Argo isn’t just selling Helios and calling it a day. They’ll also be getting a $35 million equipment financing loan from Galaxy, aimed at slashing their debt down by $41 million. This could be the financial lifebuoy they desperately need amidst rising energy prices and plummeting Bitcoin values. Wall highlighted that this deal was the “only viable path forward.” At this point, even the words “viable path” sound like a life raft in turbulent waters.

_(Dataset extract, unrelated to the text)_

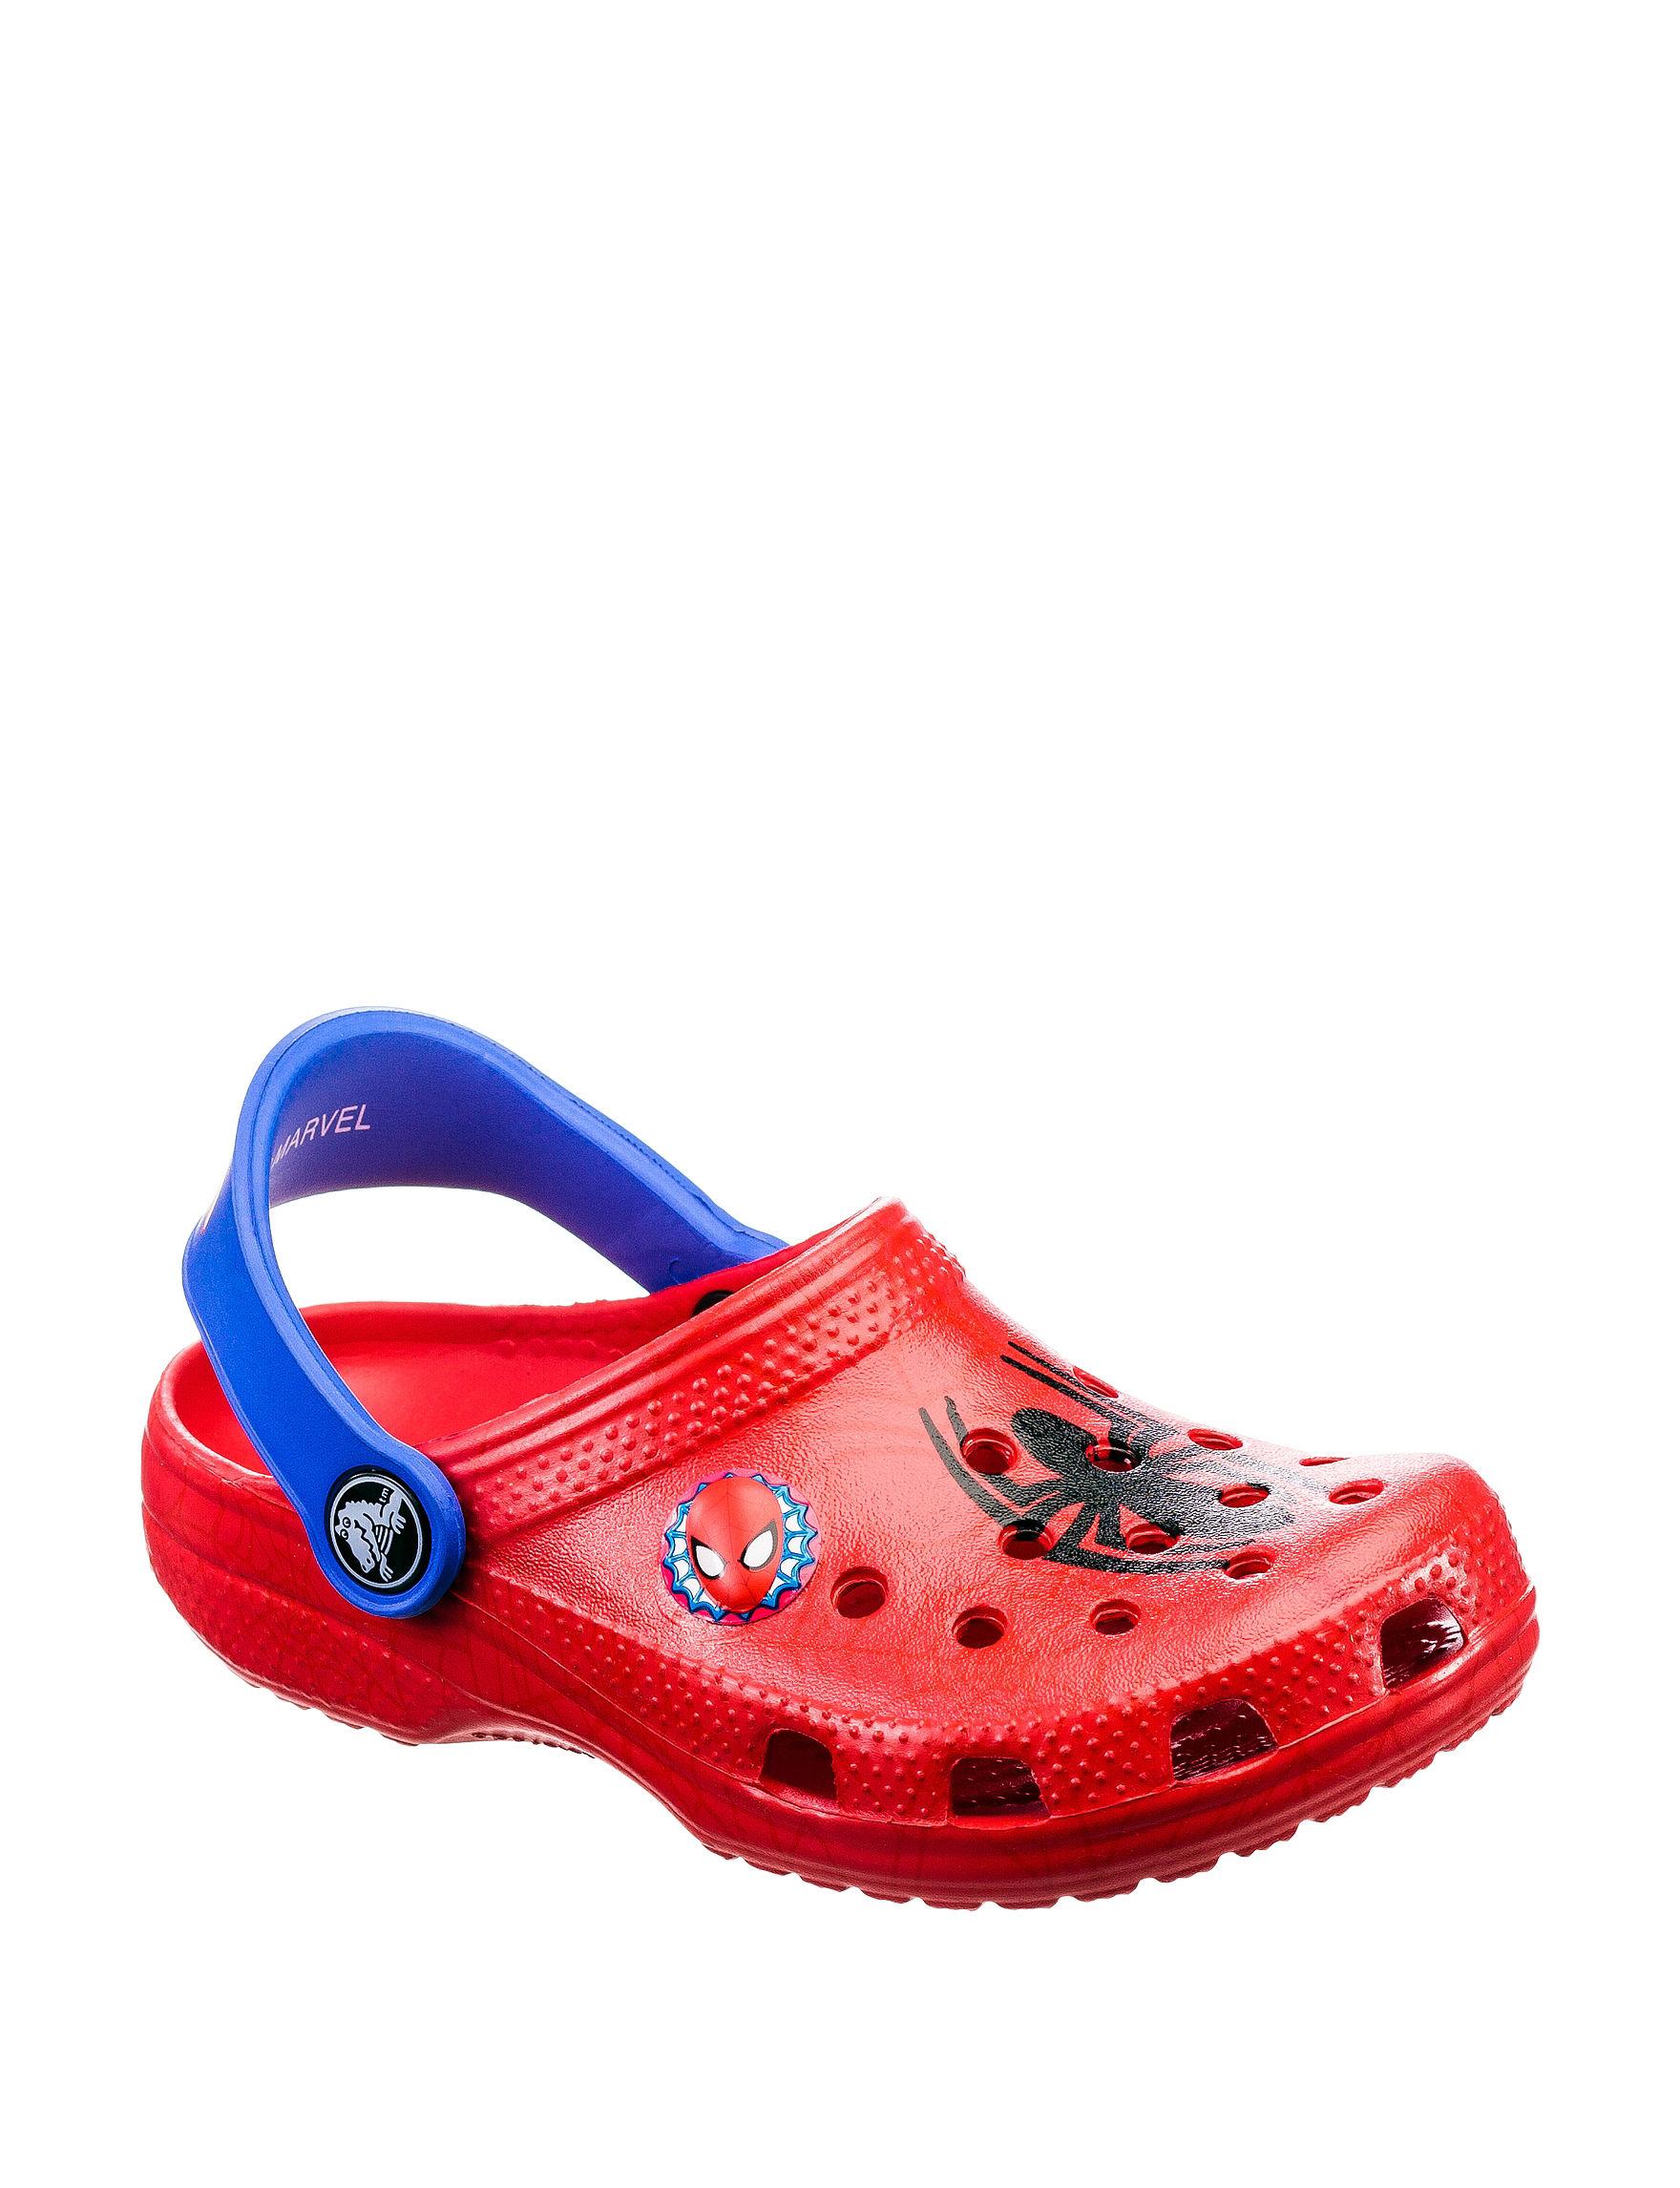 Crocs Red

Keeping Their Mining Machines

Interestingly, selling Helios doesn’t mean Argo is tossing their mining machines out like yesterday’s takeout. According to Wall, the firm hasn’t sold any of their beloved miners, which will continue to operate at the Helios facility. “Staying at Helios will also allow us to continue to access power through the Texas grid,” he said. Think of it as a tenant still in their apartment after the landlord sells the building. Good luck with the rent, though!

Helios: A Brief History

The Helios facility, which is essentially the crown jewel of Argo’s mining operations, officially opened its gates in May 2022. It’s impressive, boasting 200 MW of electricity and sporting a ‘look-ma-no-hands’ attitude during mining operations. In stark contrast, their other facility in Baie Comeau only manages about 15 MW. Talk about a power difference!

The Financing Struggles

Unfortunately, this decision to sell Helios didn’t come out of the blue. Just months ago, Argo faced the grim reality of potentially closing its doors due to failed financing efforts, including a missed chance to raise $27 million via ordinary shares. It’s a classic case of a company that bit off more than it could chew and is now scrambling to keep its head above water. In mid-December, they were even looking to shed some assets and jump into equipment financing just to avoid bankruptcy. Now, that’s a holiday spirit we can all understand.